== What the task requires ==
Reproduce the entries so that every line matches the original exactly.

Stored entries
┄┄┄┄┄┄┄┄┄┄

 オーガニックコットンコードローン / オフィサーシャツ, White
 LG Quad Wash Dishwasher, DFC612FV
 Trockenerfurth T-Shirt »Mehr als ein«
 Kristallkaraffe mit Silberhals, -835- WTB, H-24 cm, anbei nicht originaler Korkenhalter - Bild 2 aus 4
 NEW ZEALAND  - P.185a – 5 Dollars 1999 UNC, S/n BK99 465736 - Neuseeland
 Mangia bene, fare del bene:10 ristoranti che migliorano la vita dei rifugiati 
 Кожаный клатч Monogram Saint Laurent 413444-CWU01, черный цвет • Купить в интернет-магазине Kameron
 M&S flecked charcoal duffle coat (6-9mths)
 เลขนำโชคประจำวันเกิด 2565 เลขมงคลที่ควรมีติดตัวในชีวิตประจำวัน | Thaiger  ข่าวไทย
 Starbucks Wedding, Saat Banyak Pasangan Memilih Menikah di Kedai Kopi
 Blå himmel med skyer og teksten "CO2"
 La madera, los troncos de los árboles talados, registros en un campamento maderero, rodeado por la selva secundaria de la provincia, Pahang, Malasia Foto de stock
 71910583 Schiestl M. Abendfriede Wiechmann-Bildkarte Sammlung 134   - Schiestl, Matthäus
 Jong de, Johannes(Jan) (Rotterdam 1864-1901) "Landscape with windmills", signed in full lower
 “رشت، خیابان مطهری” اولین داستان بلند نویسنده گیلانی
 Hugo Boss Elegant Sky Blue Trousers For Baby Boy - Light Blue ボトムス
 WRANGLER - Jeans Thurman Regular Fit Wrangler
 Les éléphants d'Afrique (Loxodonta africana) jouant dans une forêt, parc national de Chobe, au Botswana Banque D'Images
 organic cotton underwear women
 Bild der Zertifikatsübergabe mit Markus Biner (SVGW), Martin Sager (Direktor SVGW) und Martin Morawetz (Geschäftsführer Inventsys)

┄┄┄┄┄┄┄┄┄┄

== Result for this task ==
 オーガニックコットンコードローン / オフィサーシャツ, White
 LG Quad Wash Dishwasher, DFC612FV
 Trockenerfurth T-Shirt »Mehr als ein«
 Kristallkaraffe mit Silberhals, -835- WTB, H-24 cm, anbei nicht originaler Korkenhalter - Bild 2 aus 4
 NEW ZEALAND  - P.185a – 5 Dollars 1999 UNC, S/n BK99 465736 - Neuseeland
 Mangia bene, fare del bene:10 ristoranti che migliorano la vita dei rifugiati 
 Кожаный клатч Monogram Saint Laurent 413444-CWU01, черный цвет • Купить в интернет-магазине Kameron
 M&S flecked charcoal duffle coat (6-9mths)
 เลขนำโชคประจำวันเกิด 2565 เลขมงคลที่ควรมีติดตัวในชีวิตประจำวัน | Thaiger  ข่าวไทย
 Starbucks Wedding, Saat Banyak Pasangan Memilih Menikah di Kedai Kopi
 Blå himmel med skyer og teksten "CO2"
 La madera, los troncos de los árboles talados, registros en un campamento maderero, rodeado por la selva secundaria de la provincia, Pahang, Malasia Foto de stock
 71910583 Schiestl M. Abendfriede Wiechmann-Bildkarte Sammlung 134   - Schiestl, Matthäus
 Jong de, Johannes(Jan) (Rotterdam 1864-1901) "Landscape with windmills", signed in full lower
 “رشت، خیابان مطهری” اولین داستان بلند نویسنده گیلانی
 Hugo Boss Elegant Sky Blue Trousers For Baby Boy - Light Blue ボトムス
 WRANGLER - Jeans Thurman Regular Fit Wrangler
 Les éléphants d'Afrique (Loxodonta africana) jouant dans une forêt, parc national de Chobe, au Botswana Banque D'Images
 organic cotton underwear women
 Bild der Zertifikatsübergabe mit Markus Biner (SVGW), Martin Sager (Direktor SVGW) und Martin Morawetz (Geschäftsführer Inventsys)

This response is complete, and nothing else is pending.